Kyoto University and information and communications technology company Fujitsu are teaming up on a project that will use artificial intelligence (AI) within medicine.
Brain chip
The two organisations have developed the Department of Medical Intelligent Systems at the Kyoto University Graduate School of Medicine.
The joint research project will use medical information collected by Kyoto University Hospital and the Fujitsu Group's advanced AI technology, Fujitsu Human Centric AI Zinrai, to accelerate R&D towards advanced, next-generation medicine.
Fujitsu and Kyoto University will use the database platform to analyse large volumes of medical data to discover new treatments and diagnostic methods, whilst also potentially improving the quality of care.

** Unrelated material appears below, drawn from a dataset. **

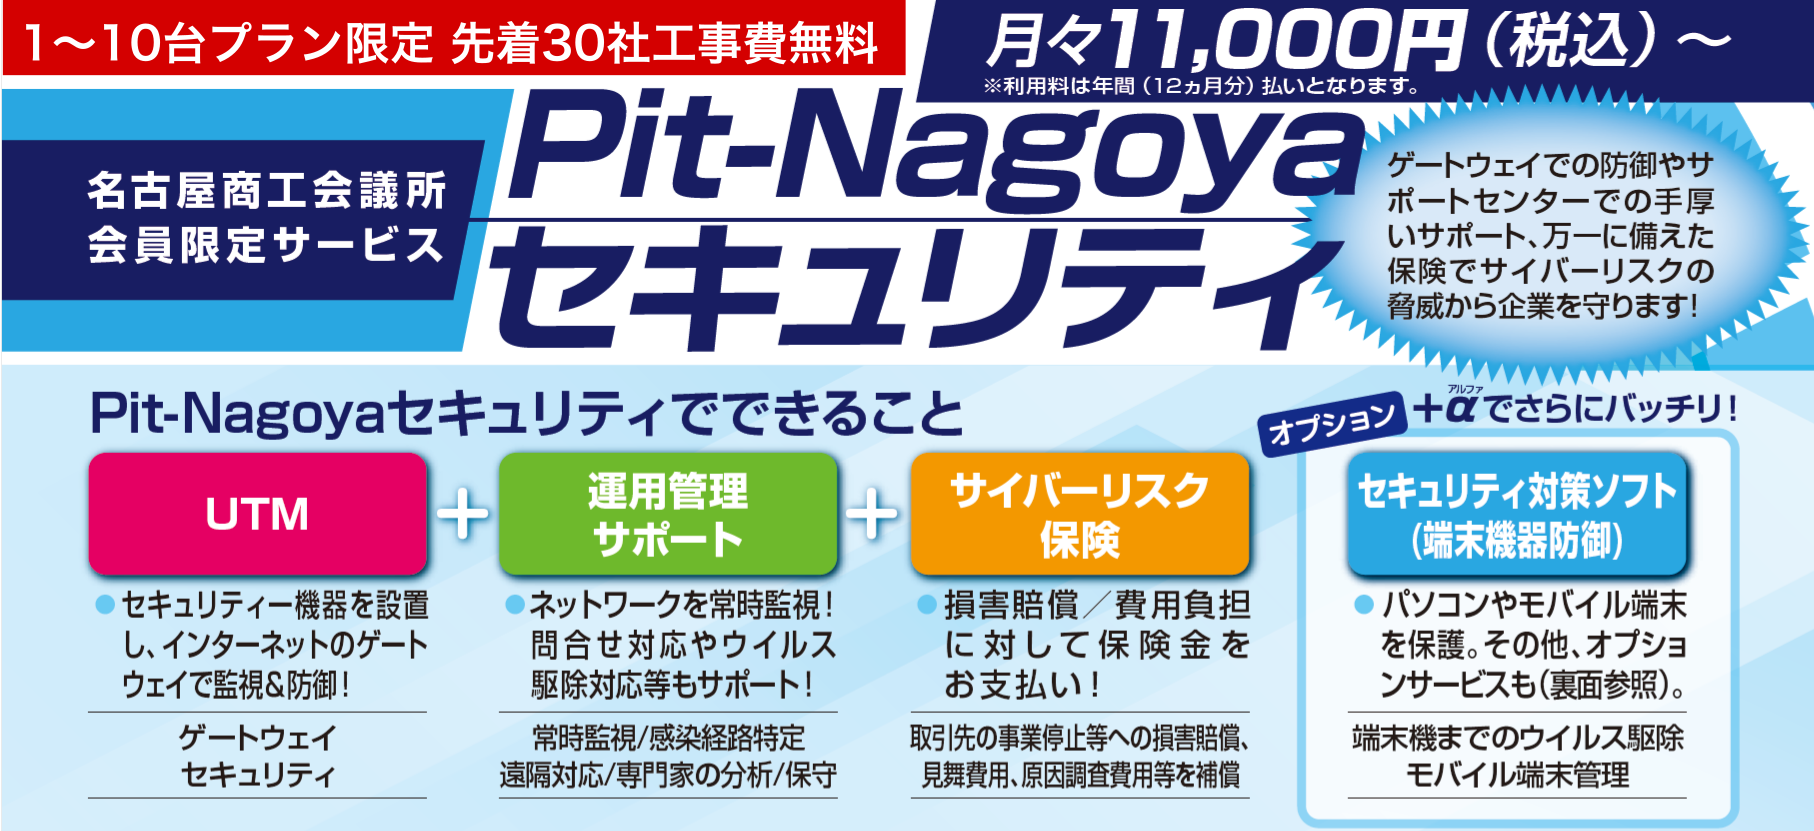 Pit-Nagoya Security

The project will run from January 2018 to March 2020 and will use consented medical data including patient data collected on electronic medical records, cancer patient data from Kyoto University and cohort data.
The data will be preprocessed using natural language processing and then an environment for analysis will be created. The researchers will then use machine learning to extract the common characteristics for diseases and will create models that benefit diagnostic support, including the identification of specific disease characteristics from medical images, and the discovery of next-generation drugs.
Fujitsu intends to utilise the platform in the future in other areas besides medicine and anticipates it will be useful within the fields of manufacturing and finance.